The move by the Nairobi Securities Exchange (NSE) to introduce options is great timing for a number of reasons.
One, derivatives is the only financial market segment currently enjoying exponential growth. As at the end of last year, the number of exchange-traded derivatives contracts (including both options and futures), reached their highest level in the last three years, amounting to 104 billion for options and 30 billion for futures (134 billion derivatives contracts traded), according to the World Federation of Exchanges (WFE).
Two, the increasing interest in derivatives is mostly driven by options, which rose 89.4 percent (and accounted for 77 percent of all derivatives contracts traded), according to WFE. Notably, stock index options and commodity options recorded three digit increases of 130 percent and 135 percent, respectively.
Three, the move coincides with the so-called “Rise of Retail” as a result of digitalisation rising mostly from the pandemic lock down.
No doubt, today’s global retail traders are ready for the next layer of building their portfolios, incorporating options to protect the investments they have and potentially grow their wealth.
As an asset class, options have evolved from a small category to a major piece of the trading ecosystem and used by people all over the world.

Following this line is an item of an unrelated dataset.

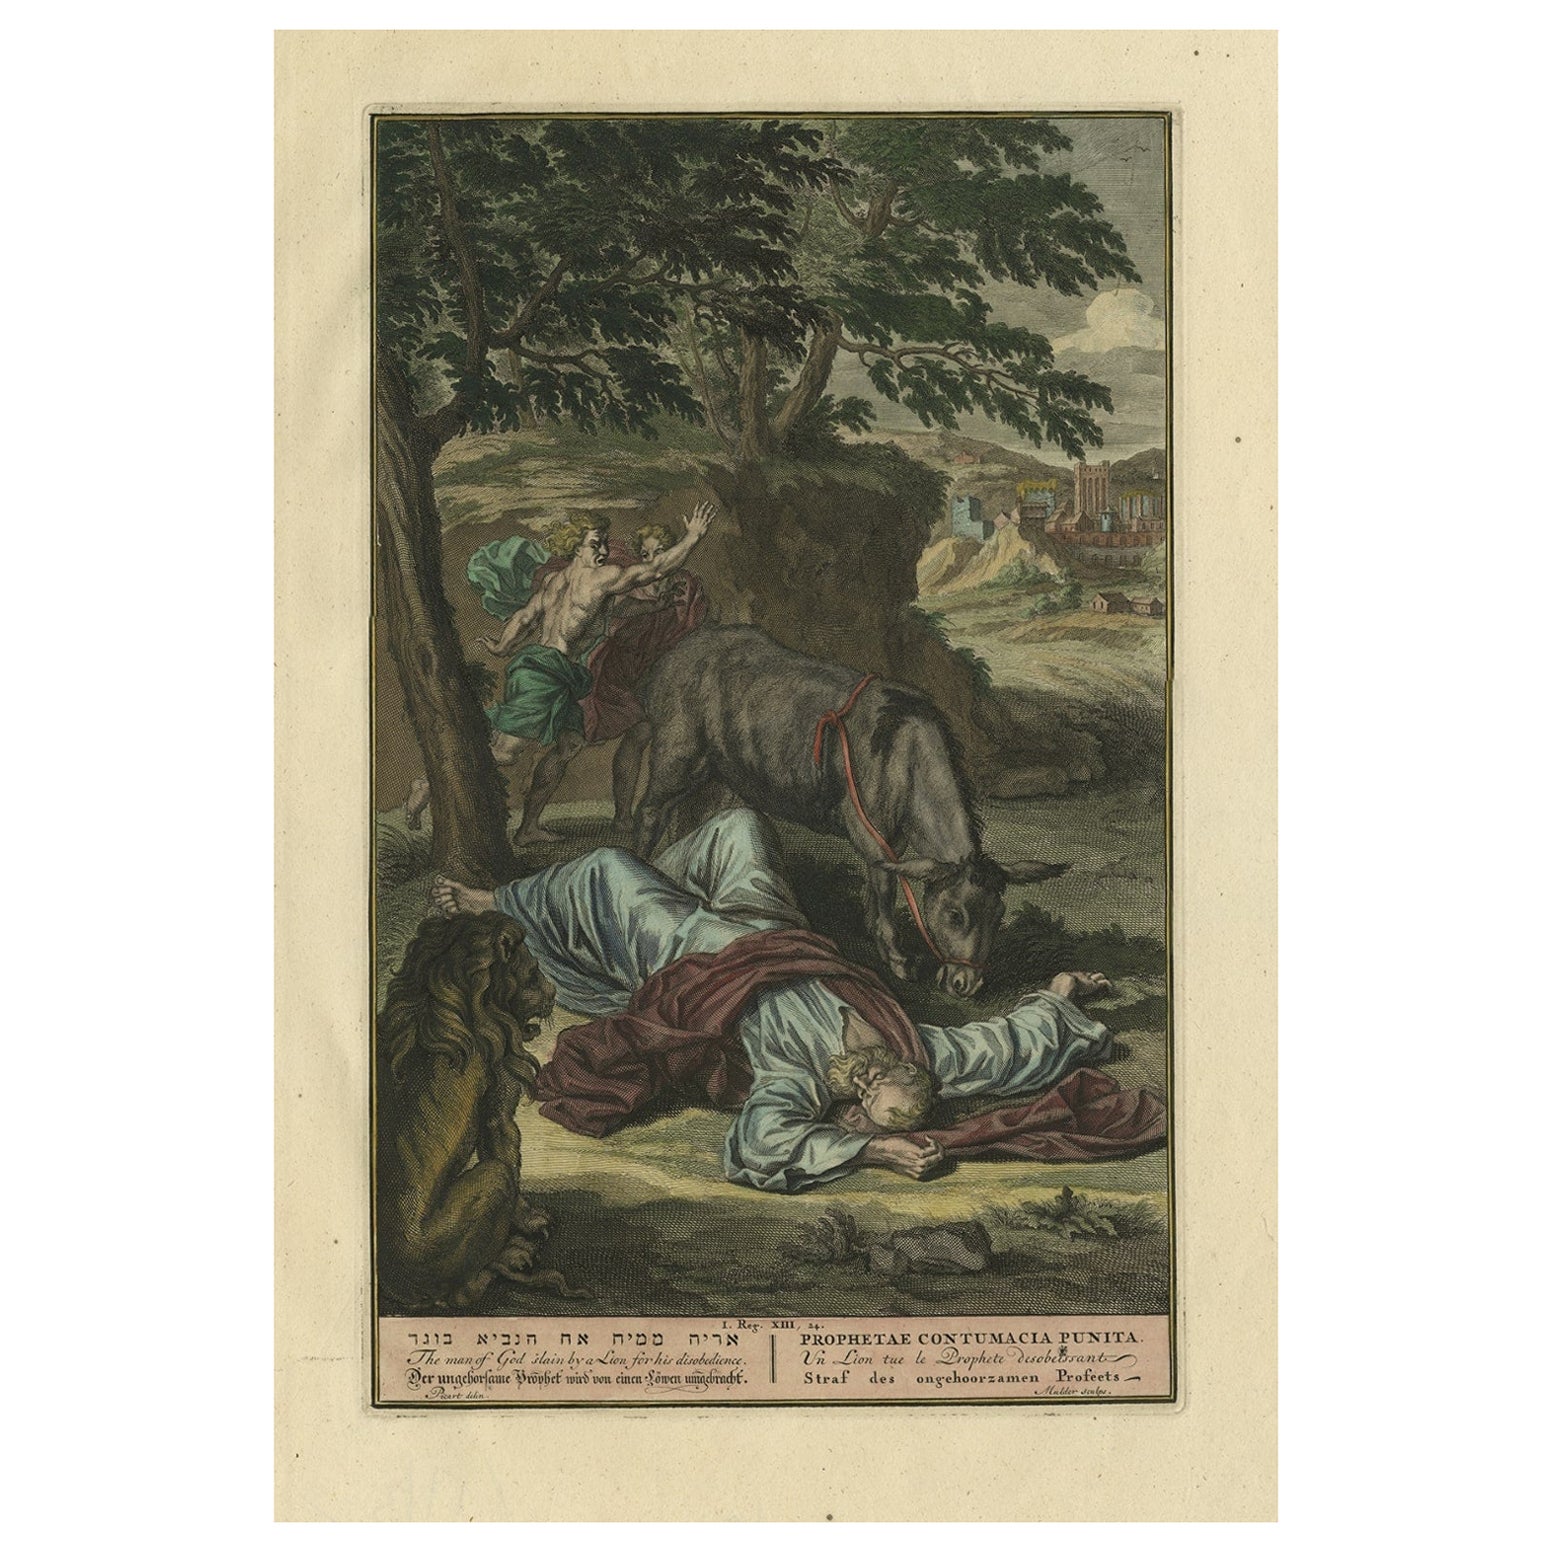 Original antiker Originaldruck, der den von einem Löwen getöteten Geister zeigt, „I Kings XII“, 1728

But there’s one problem; retail losses linked to derivatives trading are staggering.
A good example is a recent study by the Securities and Exchange Board of India, which is the biggest derivatives market in the world, noting that retail investors lost a whopping Sh2.7 trillion trading futures and options in just three years — that’s equivalent to the total market capitalisation of the NSE.
Same study showed that a mere 7.2 percent of the retail traders made a profit in the derivatives segment. In other words, over 90 percent lost money to institutional and foreign investors.

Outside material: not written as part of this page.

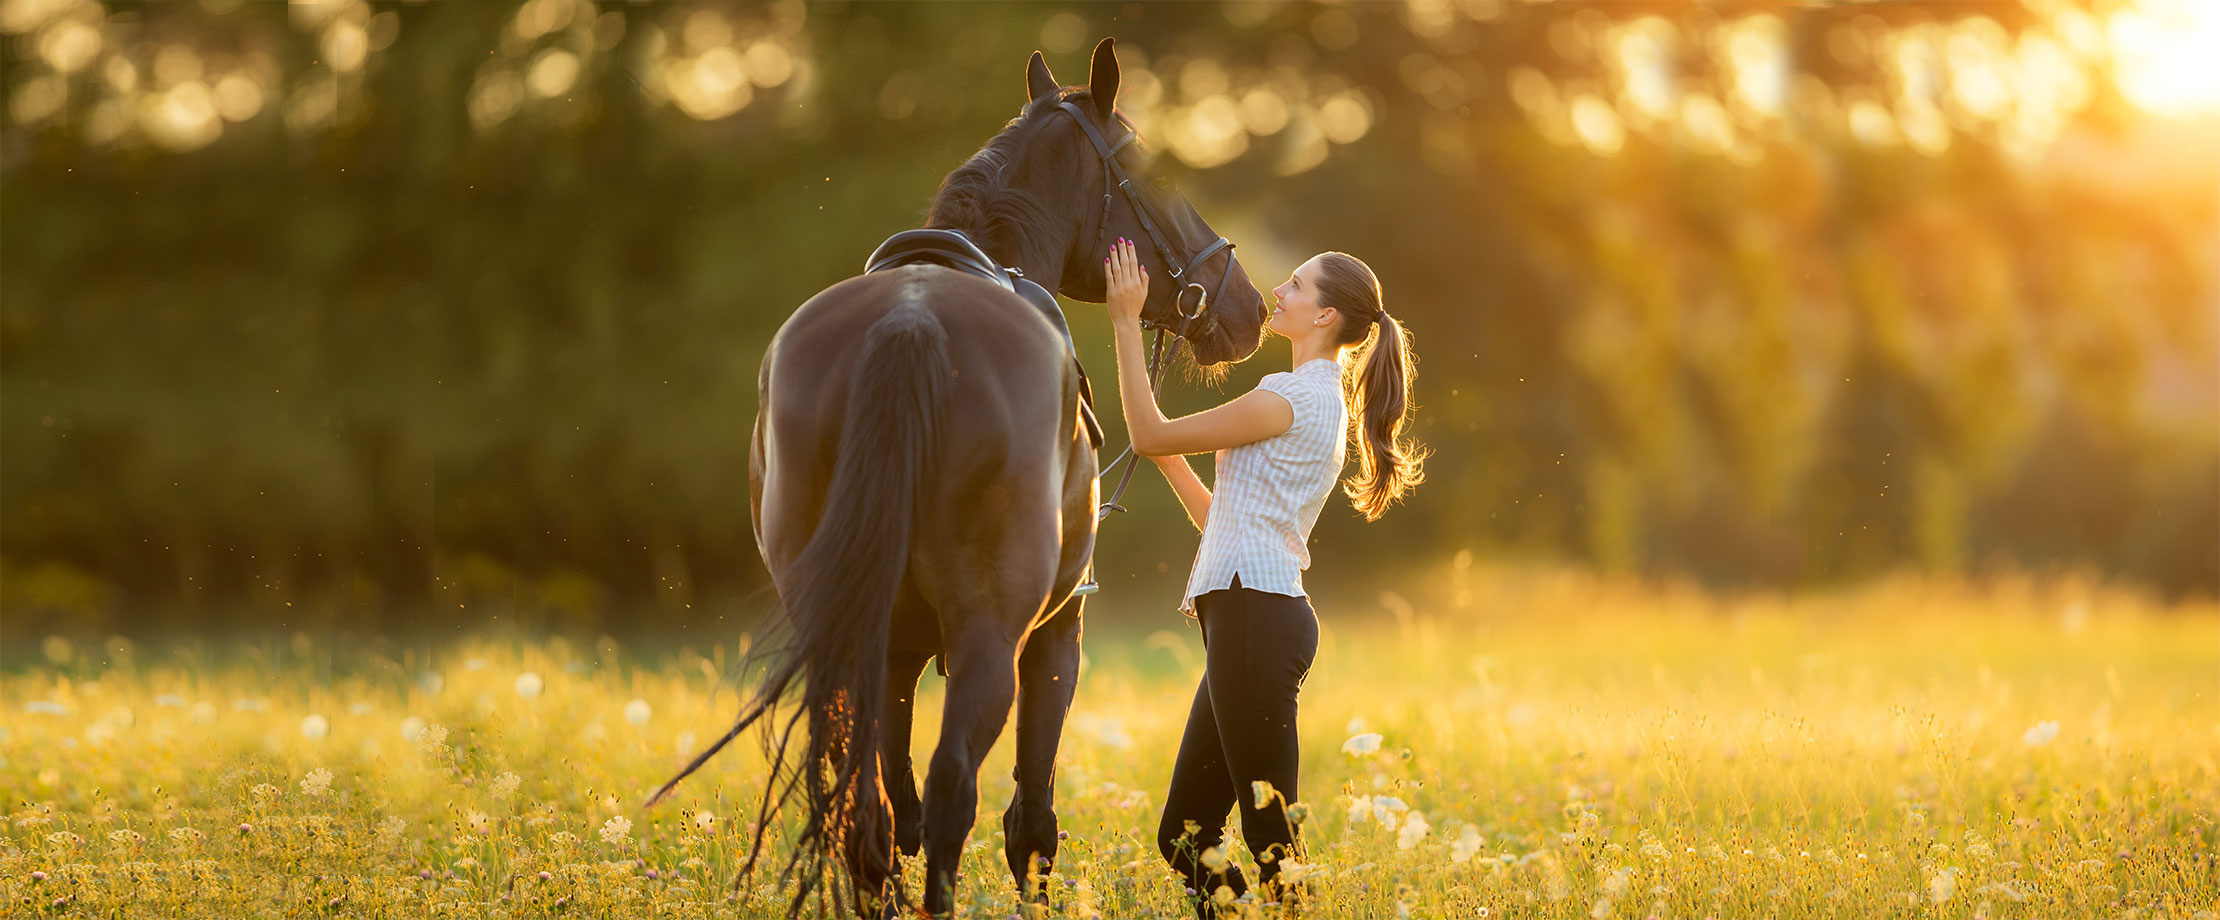 Eine junge Frau steht am frühen Abend mit ihrem schwarzen Pferd auf einer Wiese.

Now, I have highlighted here in the past the need for the regulator to curb excessive leverage to make the industry sustainable. I won’t go there today but rather spotlight the need for thorough education.
While online forums, resources and mentorship programs can sometimes provide retail investors with the basics, they need deeper instruction to succeed (especially with options trading).
Usually, if things go well, the payoff is huge, but in a lot of cases there’s no payoff and investors lose 100 percent of their investment.
Hence, my appeal for comprehensive market education to go along this new market if only to help level the playing field and increase the odds for retail investors to find success.
This way, if one wants to trade options, they’re supposed to be able to prove that they know what they’re doing, that they’re sophisticated enough to handle the risks. Otherwise, traders are most likely to make wealth-depleting mistakes.
Yes, we’ve come a long way toward making markets more accessible. Contrast for differences (CFDs), Day Trading, Futures Trading, and now Options.
Curious to see what kind of options NSE will unveil; weekly Index-linked options? Zero dated ones? Options on futures?
Whatever the case, the big question is: what’s the benefit of all this growth if it only relies on clueless counterparties and gambling tendencies of the trading masses? The least we can do is to allow them to step inside the trading ring fully armed with the know-how.